The appeal is partly the contrast. Here is a support that has followed a team to tournament after tournament, often watching it lose, and has chosen to make the trip itself the prize. Winning would be lovely. Failing to win has never been a reason to stop enjoying the away days. That attitude, equal parts loyalty and self-deprecation, lands differently in a sporting culture often obsessed with results.
It helps that they are generous. Americans who wandered into a bar full of Scots this June tended to leave as honorary members, handed a song sheet and a drink and an invitation to join in. The Tartan Army does not merely occupy a city. It tries to befriend it, and the warmth is returned in kind.

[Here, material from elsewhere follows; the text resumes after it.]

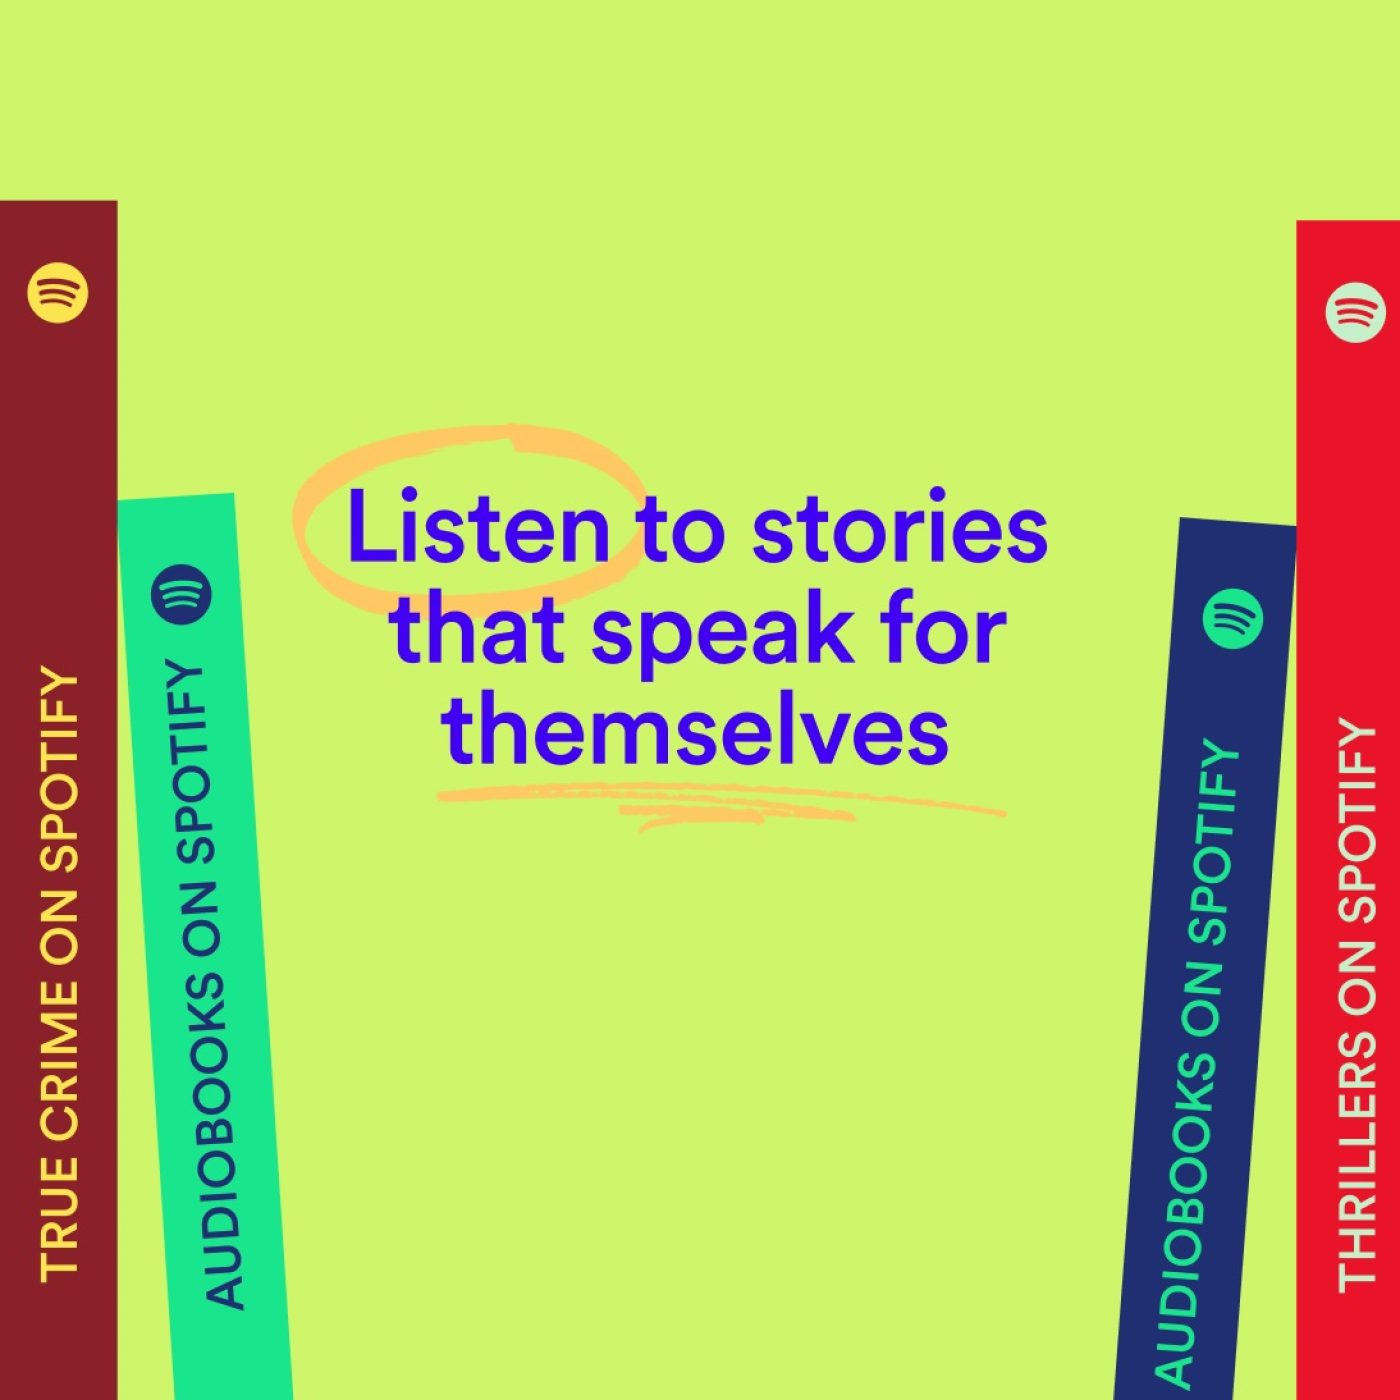 Spotify Premium Subscribers Get Access to 150K Audiobooks - Subscription  Insider

The party outlasts the team
Scotland’s players will fly home from this World Cup with the usual mix of pride and regret, another tournament where the football fell short of the dream. The supporters will fly home having won something the results table does not record. They drank Boston dry, crowned American statues with traffic cones, turned a Marlins game into a ceilidh, and left a string of host cities wondering when the Scots might come back.
For the American hosts, the Scots offered an unexpected lesson in what a World Cup can be away from the results. Many of the locals who crossed paths with them had only a passing interest in the sport and no stake in Scotland’s fortunes, yet they came away converts, charmed into a singalong they did not know the words to and a sport they had barely watched. That is soft power of a kind no federation can manufacture, delivered one bar and one ballpark at a time by supporters who simply wanted everyone around them to have a good night.
That is the strange genius of the Tartan Army. It has decoupled its happiness from the scoreline, which means no defeat can truly ruin the trip. McGinn’s goal in Boston gave them one perfect night where everything aligned. The rest of the tournament they supplied the magic themselves, in bars and ballparks and on the streets of Little Havana, proving once again that the best show at a World Cup is not always on the pitch.